With the current recruitment challenges, the fallout of too many patients and not enough intensivists - particularly outstanding anesthesiology critical care intensivists - is concerning. Burnout, workplace stress, social and emotional demands in complex multidisciplinary ICU environments, and a need for work-life balance is a reality we all know. It is apparent to our rising medical students and residents. They see our struggles. However, we know our unique skill set and the essential role we play in critical care. Let’s use this challenge to tap into our anesthesiology roots, to ask questions, to find new ideas, and reshape critical care into to a career that our rising generations are inspired and excited to pursue.
Dr. Pannu: What advice would you give to medical students and residents considering a career in critical care medicine? What is something you wish you had known?
Dr. Alber: Helping someone in need remains one of the most rewarding aspects of my professional life. Sometimes that person is my patient, working in unison with our ICU team to pull them back from a life-threatening illness. Sometimes it is bringing a warm blanket to a mother at the bedside, who is ignoring their own needs while expending all their energy towards helping their child. Other times it is a fellow having a “light bulb” moment as pathophysiology and management connect, even when the patient didn’t read the protocol. These are usually instances spent in less public forums than rounds and can be during my patient visits, in a lull on an overnight call, or when chatting with a fellow after rounds.

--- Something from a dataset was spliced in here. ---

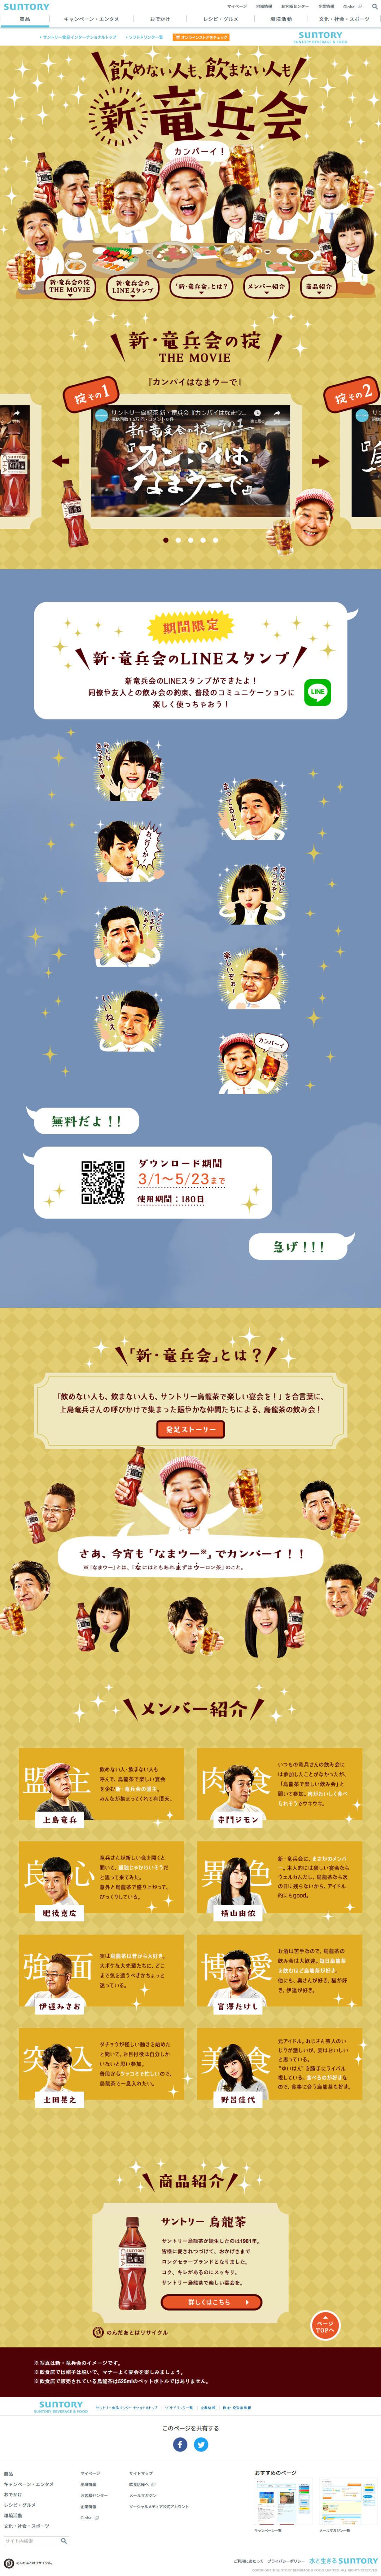 上島竜兵が『新・竜兵会』を結成!?

I also do not live in the ICU. As an attending my schedule varies from 1-7 days in the ICU, then I go back to the cardiac ORs for a few days, or I have time to work on academic or administrative projects. The resident and medical student ICU rotation is not usually reflective of what a career in ACCM is like.
For residents and medical students considering critical care, seeking mentorship and opportunities to shadow an attending outside of a formal ICU rotation gives an insightful view into what life as an intensivist and anesthesiologist is like. The camaraderie and support of a team, the importance of communication and collaboration in administrative and educational missions, and the ability to affect change to improve outcomes is not as apparent within the confines of a 2- or 4-week rotation.
Dr. Pannu: What are some advances you foresee in the practice of critical care medicine? What role do you foresee critical care anesthesiologists and SOCCA playing?
Dr. Alber: While medicine has lagged behind many professions in prioritizing work-life balance, it is time that we address this need in the ICU head on. This change is an expectation of our rising medical students and residents. Rather than insisting on the status quo, let’s adapt. Let’s be innovators in our field to develop new ICU models, non-traditional coverage schedules, and innovate advances in medicine and technology to improve access to high quality critical care for our patients, and improve balance and career longevity for our intensivists.
Anesthesiologists are creative, observant, thoughtful, and accustomed to running towards a problem. We have revolutionized perioperative care and leveraged our collective knowledge to make the operating room a much safer space. As critical care anesthesiologists let’s leverage our collective experiences and ideas though societies like SOCCA to find new ways to optimize critical care, to foster our collaborative team for fulfilling and balanced careers, and inspire the next generation of medical students and residents to pursue critical care training for the best outcomes for our patients.